Flyzen’s proprietary engine, designed for the flight-booking industry, uses more metrics, including the specific aircraft model and engines used on particular routes and by different companies, stopovers, the number of seats on each aircraft, and even the likelihood that an aircraft will spend time taxiing after landing or before take off. Using it to compare three flights between Frankfurt and New York, the differences are large: In data pulled from the tool, one Lufthansa flight was calculated to emit 1.3 tons of CO2 per passenger for that trip, while a United flight emitted almost twice as much: 2.3 tons. 

Can consumers choose less-polluting flights this way? Skyscanner, one popular comparison site, launched a calculator in January 2018 which uses fuel efficiency of aircraft type, distance, and stopovers to compare flights, then labels any with lower-than-average CO2 emissions with a green leaf design and a percentage. (Right now the feature is only available on desktop and Android. As of the time of writing it was also only appearing for one-way flights, but that is a temporary glitch, the company said.) Skyscanner says it has been asked by users to make the feature more prominent. 

Taking direct routes, and flying with economy airlines that don’t offer business class and fill their planes, are ways to make sure one’s personal emissions are limited. 

The problem of our times

Michael Mann of Penn State University, and some other climate scientists, have argued against making individual sacrifices in the name of climate change, even big ones, because they feel the only true impact can be made at the level of government. Going vegan, giving up flying, even forgoing a family simply distract us from the massive corporate and regulatory changes needed, Mann says. (A counterargument runs that rather than distracting us, taking individual actions sharpens the mind when it comes to demanding better practice from our institutions and politicians.)

Mann’s argument leads us to the options of either voting for politicians who promise to make the necessary changes, or devoting our lives (or our spare time) to lobbying them to do so. Extinction Rebellion, the energetic movement that’s recently swept the UK and elsewhere, is predicated on this premise: Demanding that governments take action, and making its call as loud as possible through actions like city centre shutdowns and mass arrests. 

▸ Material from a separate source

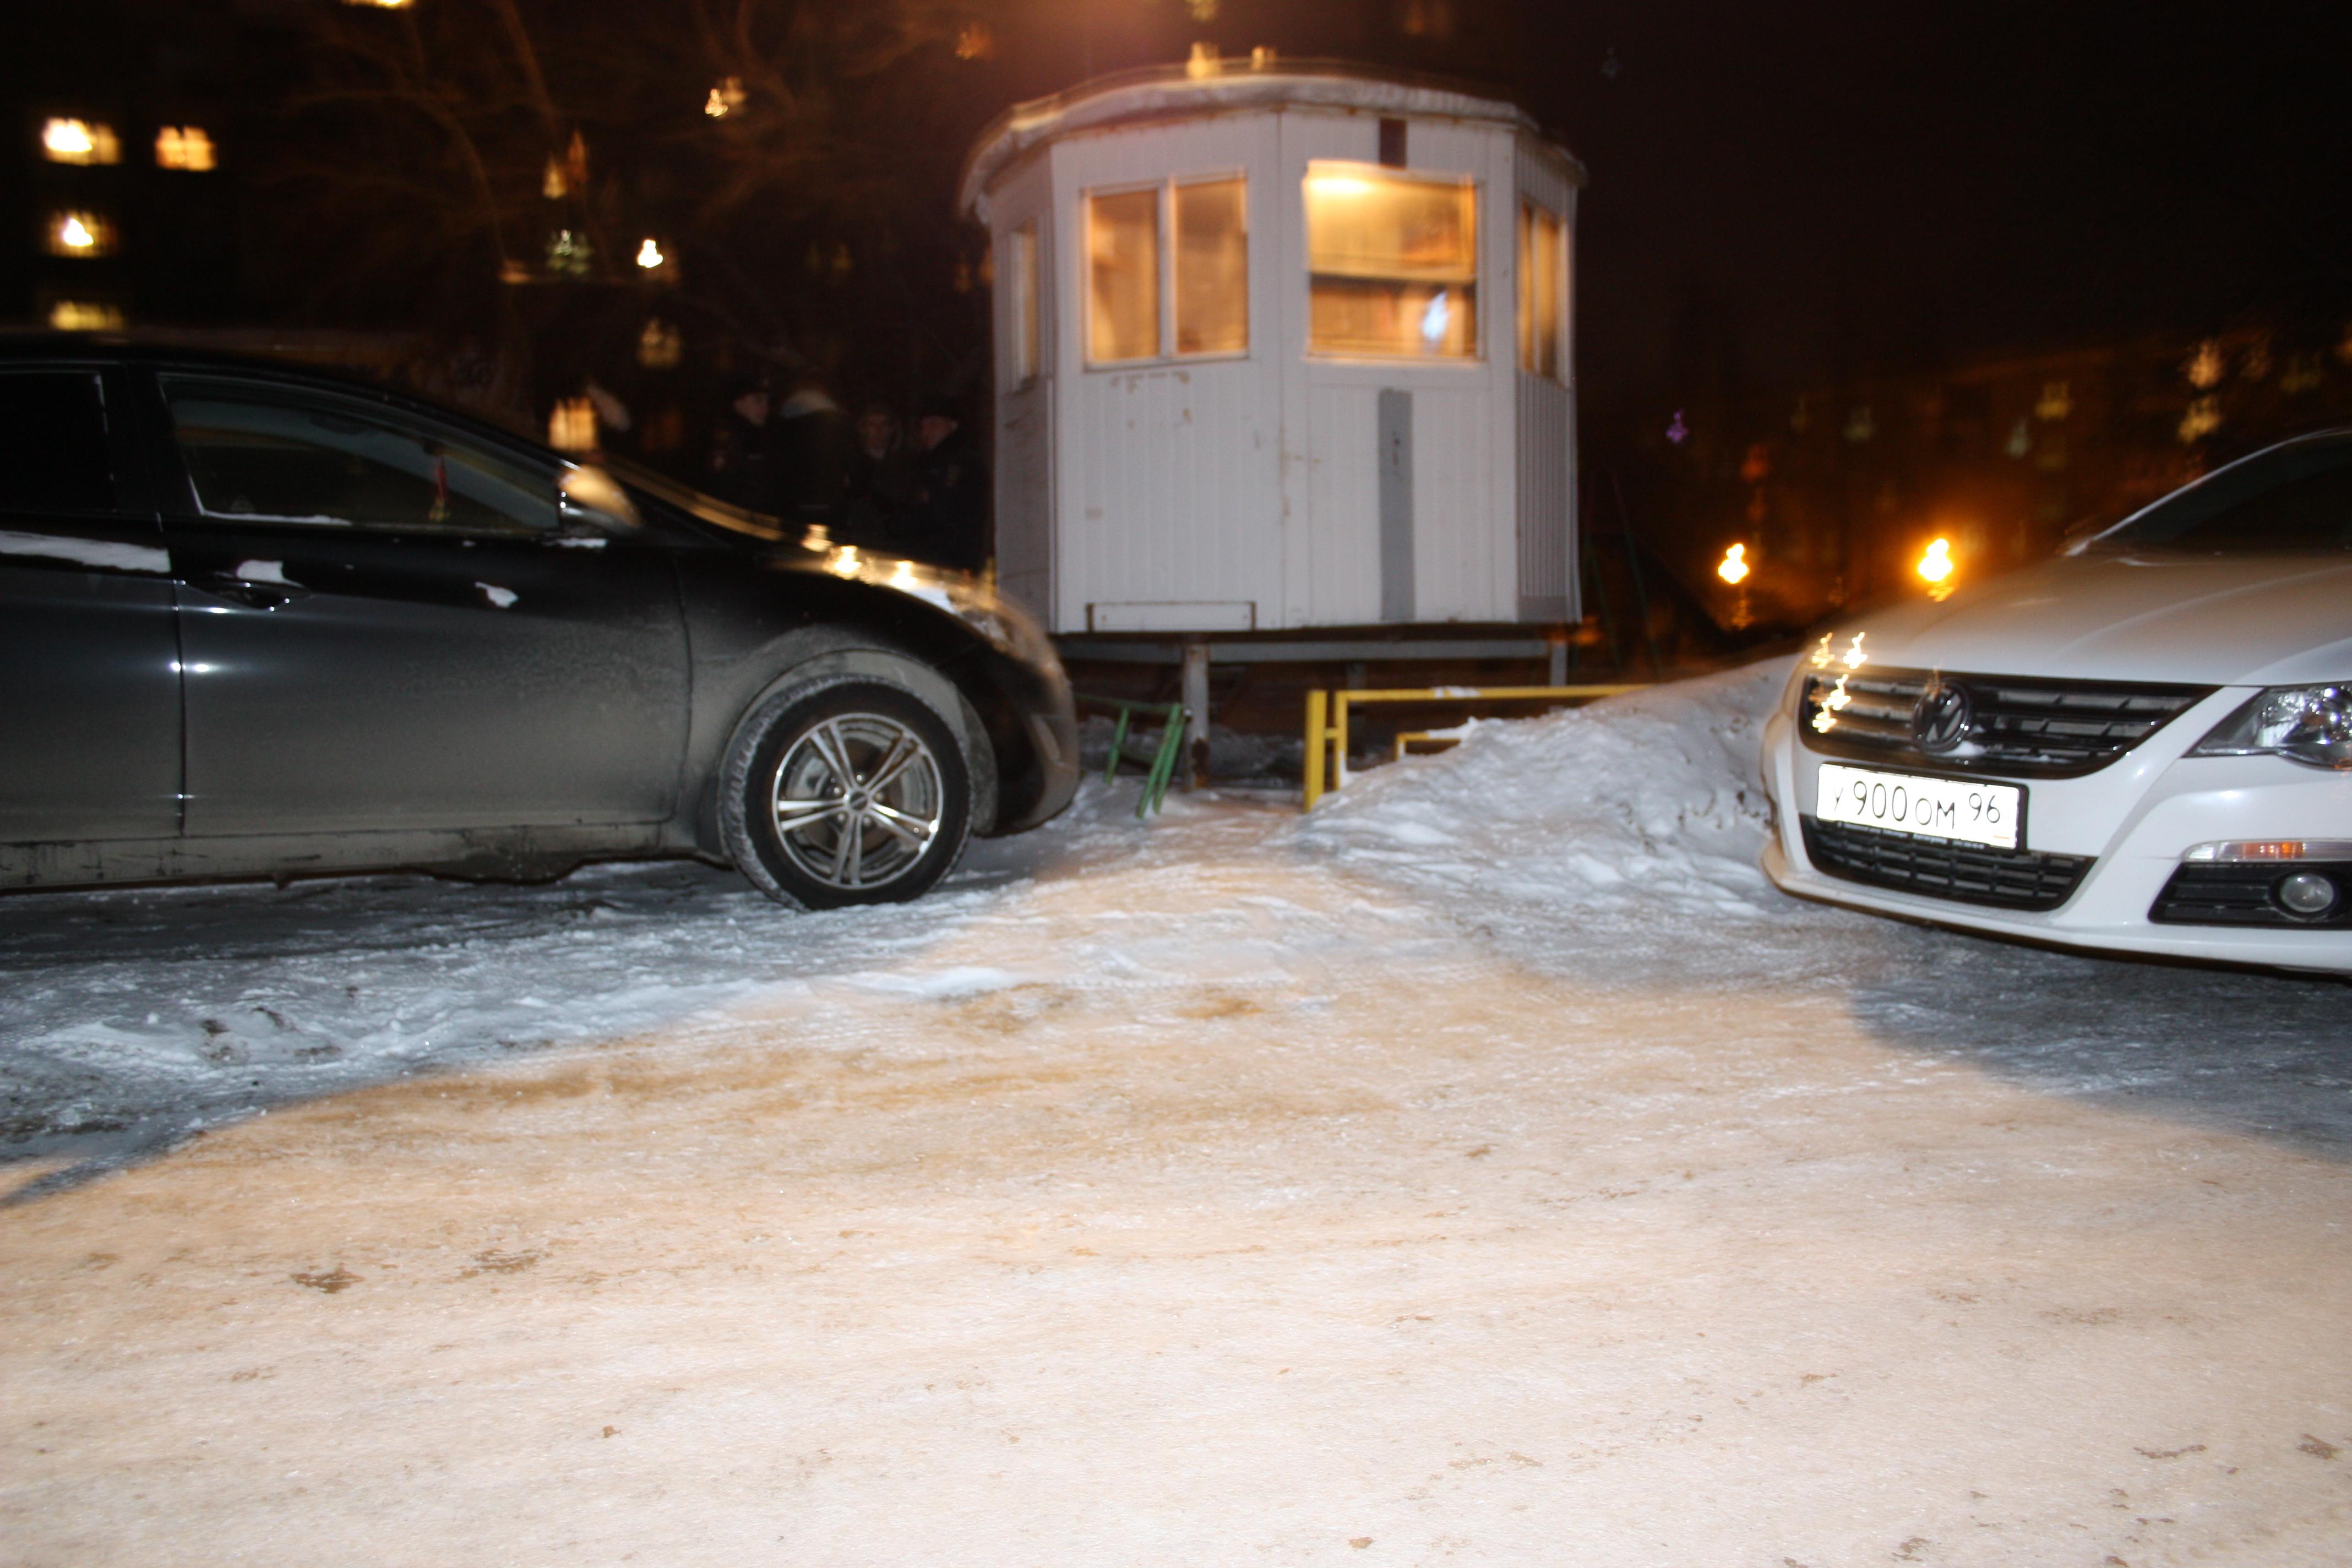 «Материал будет отказной»: корреспондент 66.ru провел ночь в полиции вместе с гоп-парковщиком

It’s true: despite incontrovertible evidence of the toll our collective lives are taking on the planet, any action an individual takes carries with it the knowledge that, however huge the personal sacrifice, the result will be nothing more than a dot in the vast global matrix. One person’s actions can’t make a difference; only collective action can. (Though perhaps we shouldn’t be surprised about this; if the problem was easy to solve we would have solved it by now.) That can lead to despair. 

Charles Conn, CEO of venture firm Oxford Sciences Innovation, says that is a natural reaction to what he terms “wicked problems”—complex dilemmas that have many causes—and “reinforcing causality” which means that one solution can actually make another part of the problem worse. But researching the wicked problem of climate change for his recent book, Bulletproof Problem Solving, led Conn to an optimistic conclusion. 

“Our carbon footprints as humans really are knowable, and they’re affectable,” Conn tells Quartz. He also notes that corporations are themselves comprised of individuals making choices. We’d be cutting a swathe through the climate battlefield, “if we could pursue behavioral change in our own lives, including our business lives, and show [them] to the women and men who run our institutions,” he said. We need leaders willing to tackle the rest, Conn suggests. 

Perhaps “flight shame” is a misnomer: It denotes a sensation of embarrassment, and implies something hidden, rather than a strong ethical choice. Such personal ethics won’t win the battle to save the planet; but that doesn’t make them pointless. It just means they’re one part of the massive collective effort of change with which we’re struggling at this moment in history. 

This story was updated with more recent data and context from a 2016 ICAO report.